:: WHAT THE TASK ASKS ::
With the pictures excluded, reproduce all of the data exactly.

:: GIVEN DATA ::
____

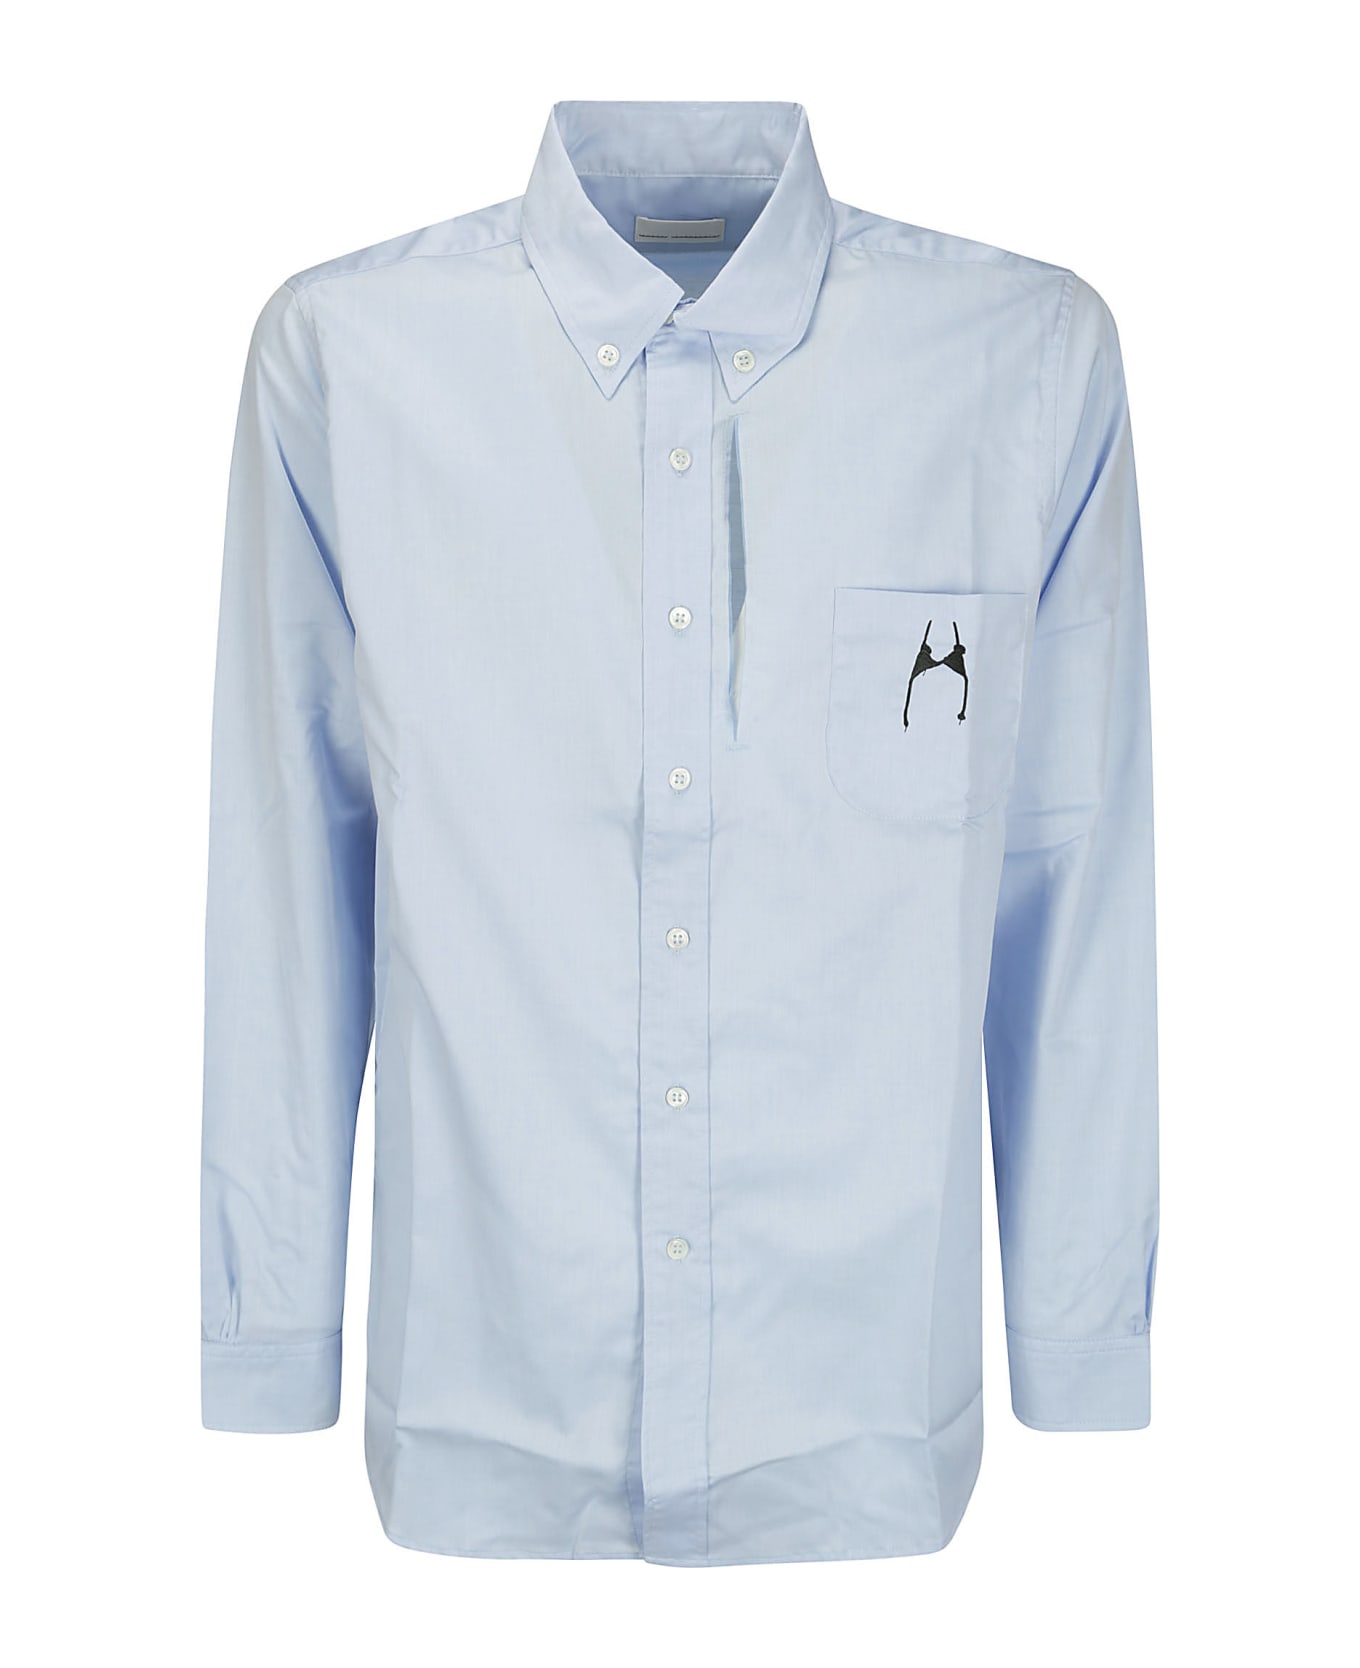 Random Identities Men Classic Shirt Small Bra Print W - BLUE
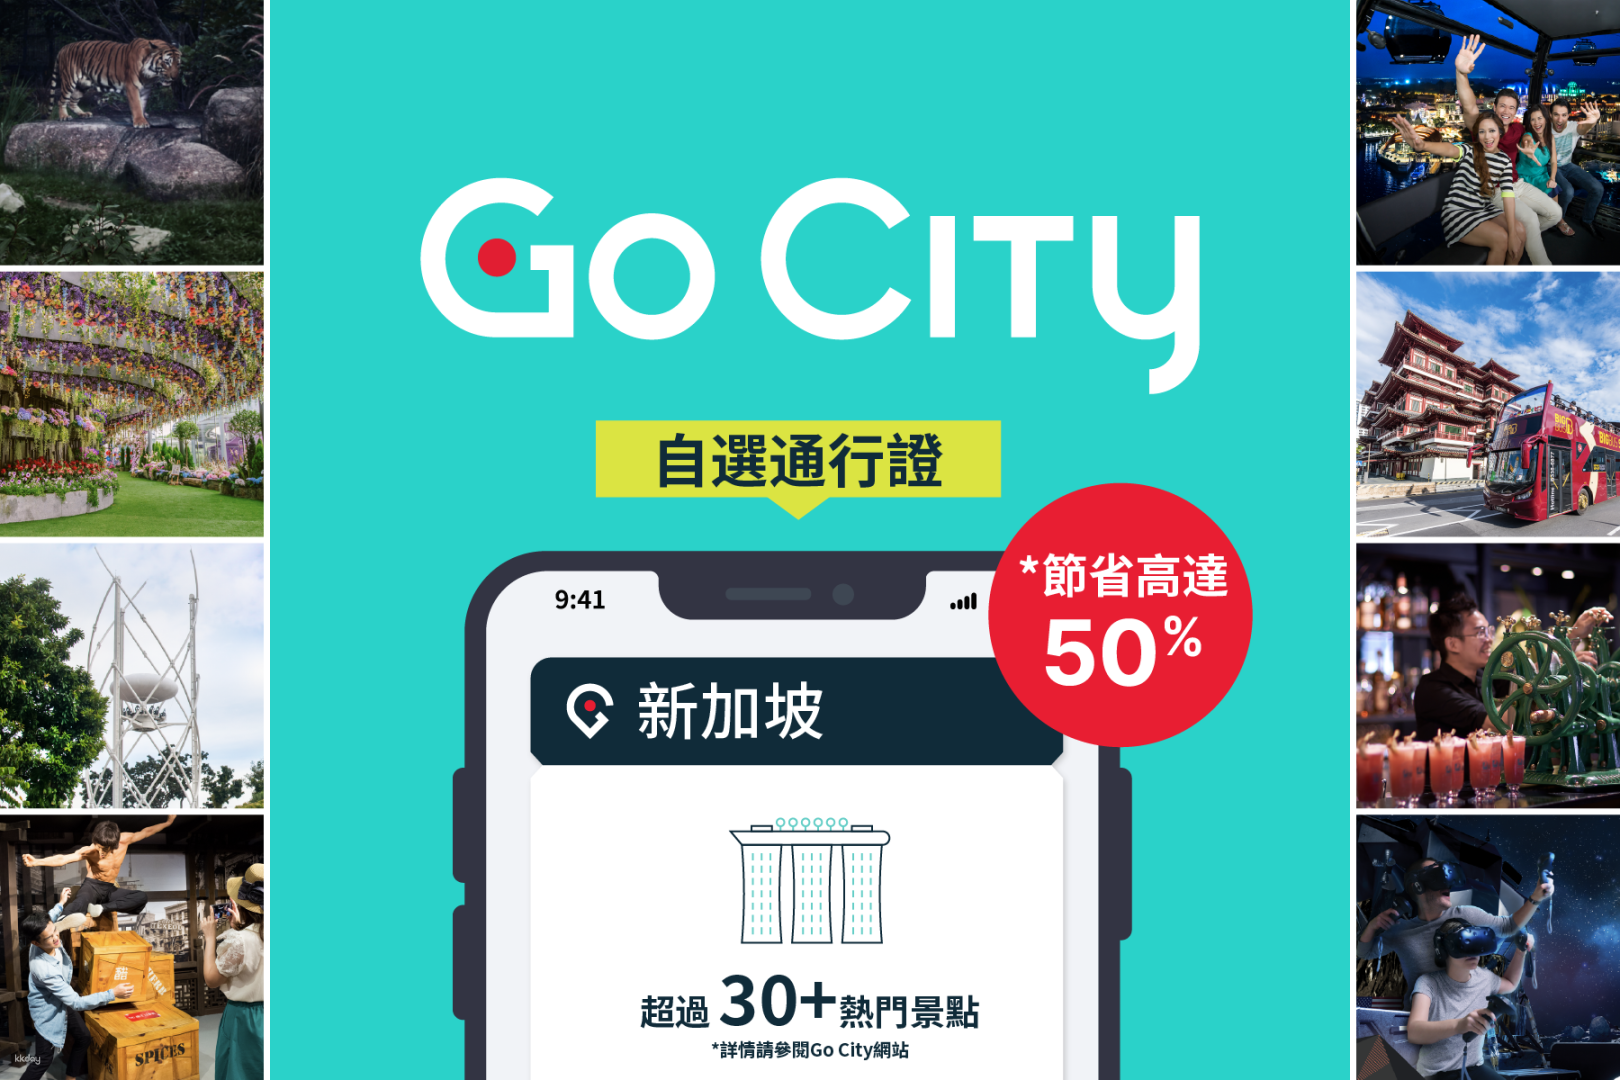 【新加坡】Go City: 新加坡探索者通行證（包括濱海灣花園和新加坡動物園入場）
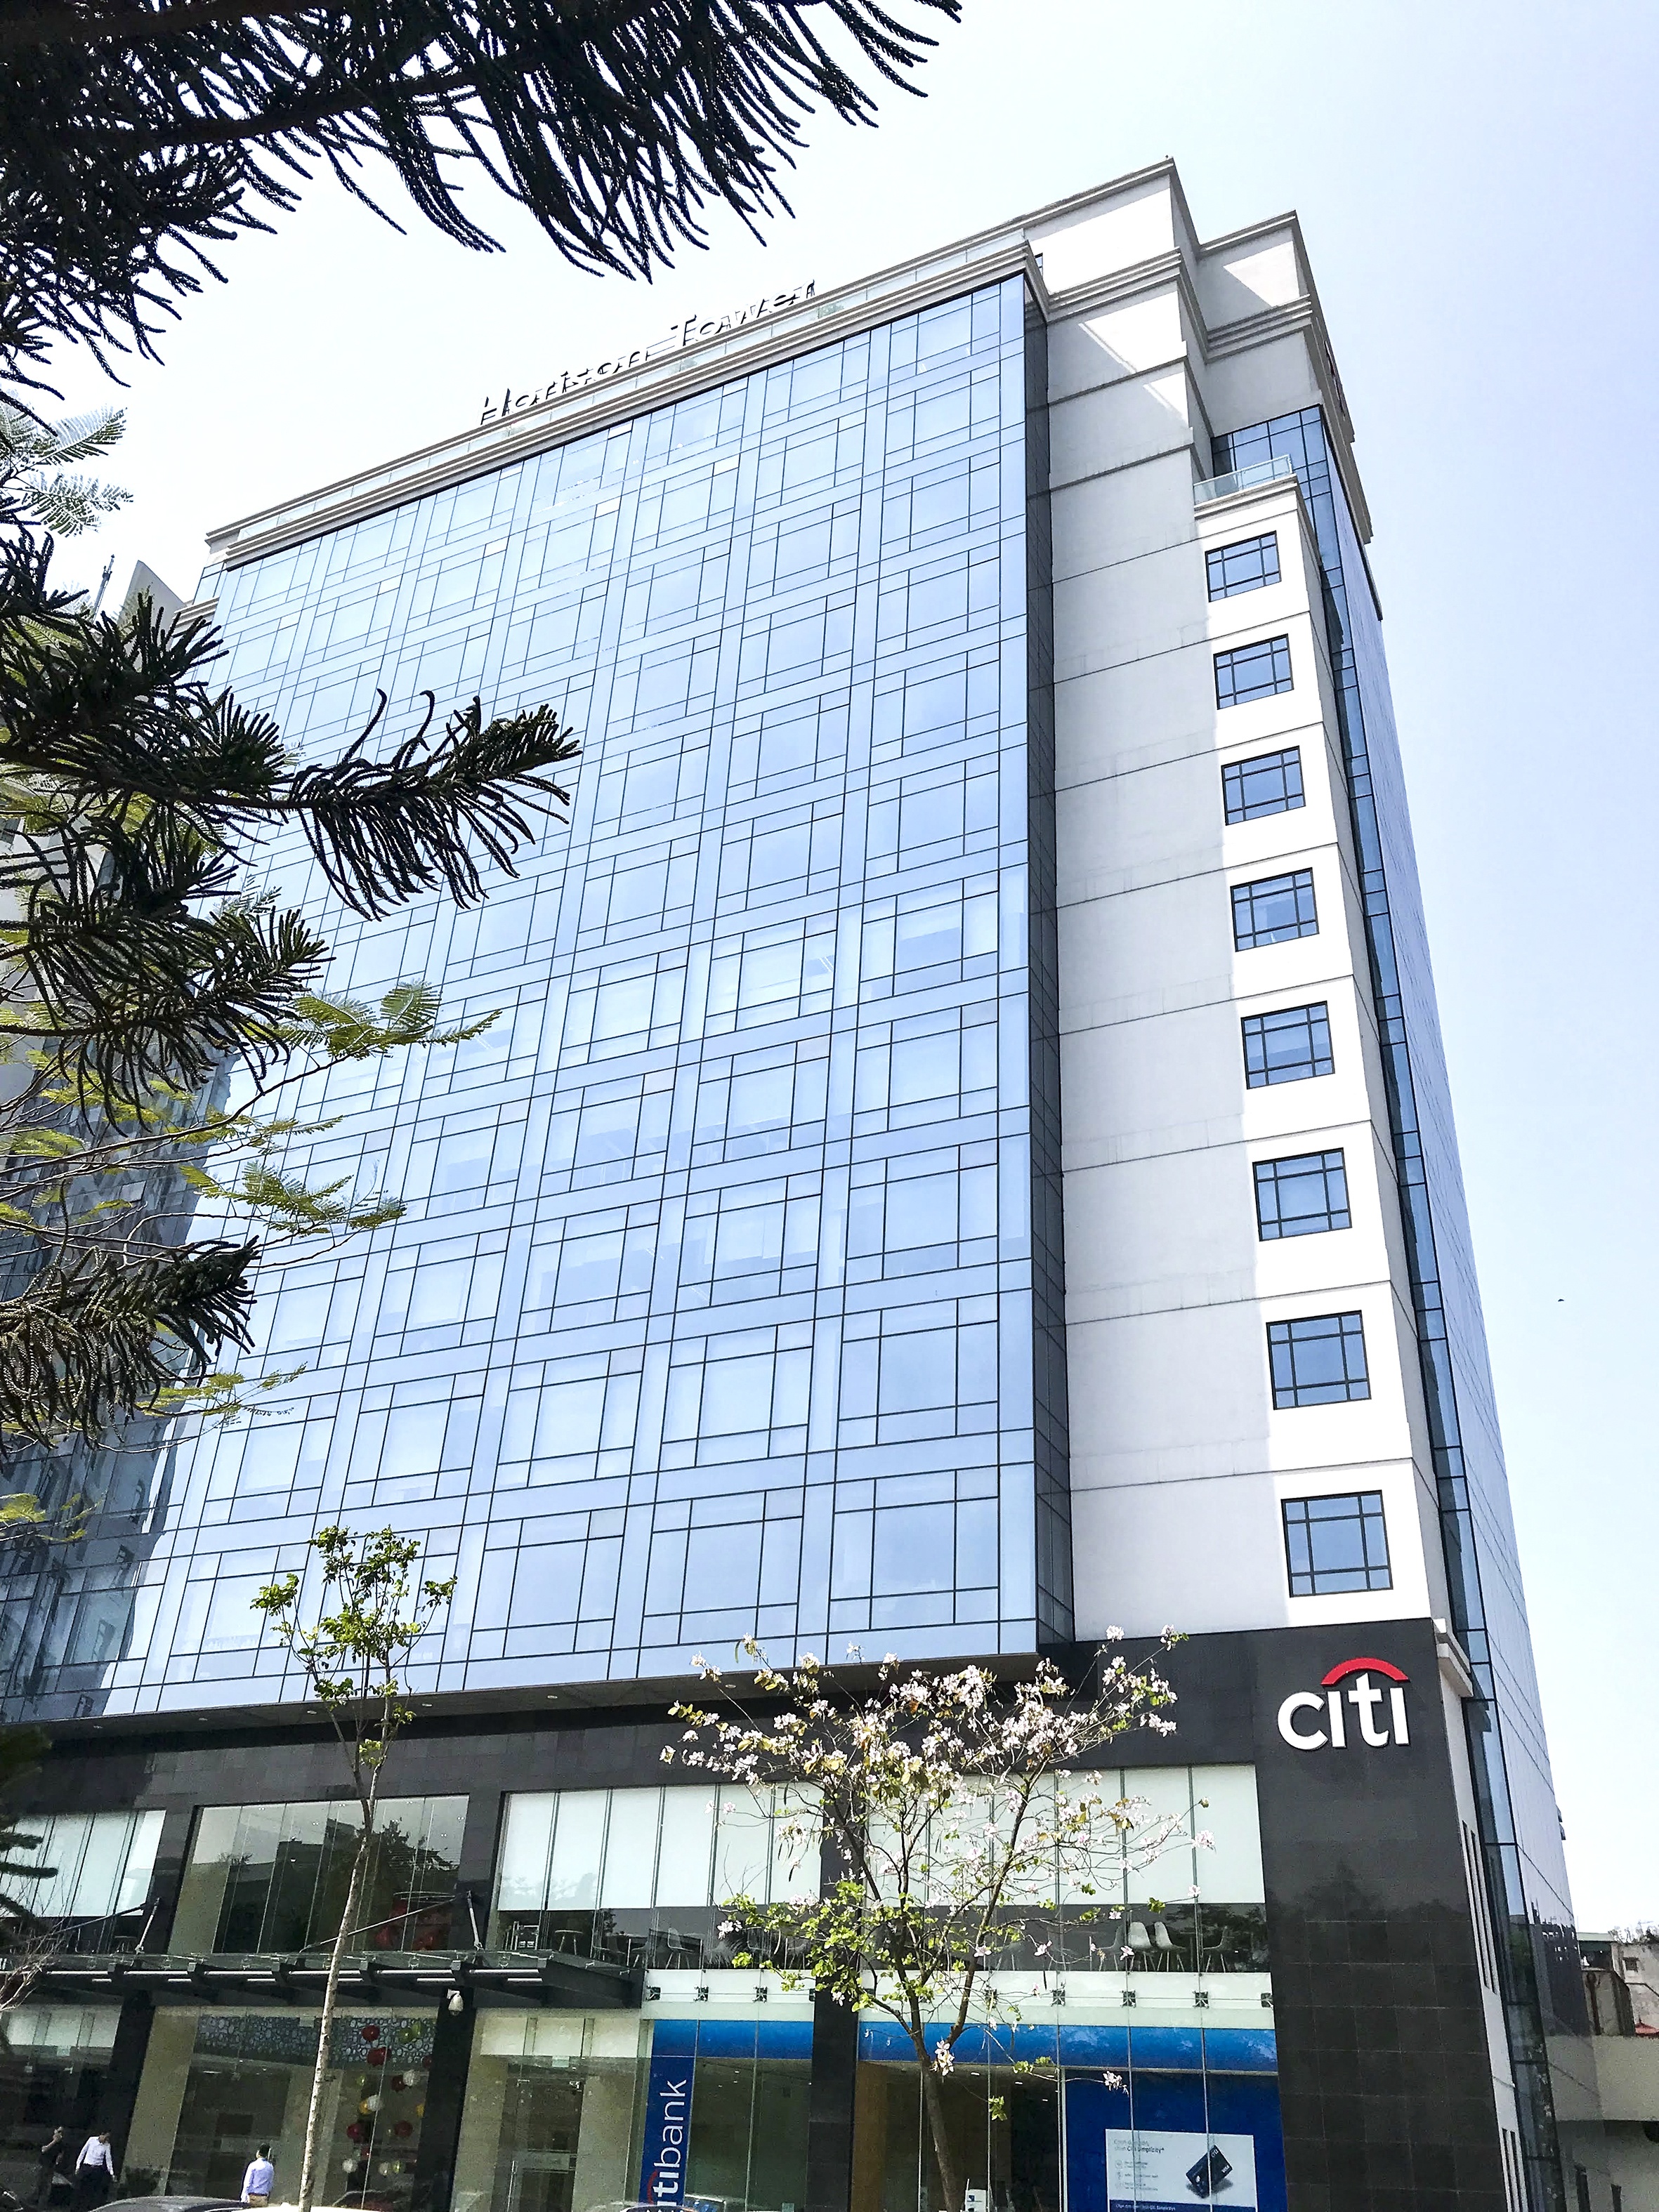 Tạp chí Global Finance vinh danh Citi là Ngân hàng điện tử cho Doanh nghiệp tốt nhất châu Á - Thái Bình Dương năm 2021

____

:: THE COMPLETED TASK ::
 Random Identities Men Classic Shirt Small Bra Print W - BLUE
 【新加坡】Go City: 新加坡探索者通行證（包括濱海灣花園和新加坡動物園入場）
 Tạp chí Global Finance vinh danh Citi là Ngân hàng điện tử cho Doanh nghiệp tốt nhất châu Á - Thái Bình Dương năm 2021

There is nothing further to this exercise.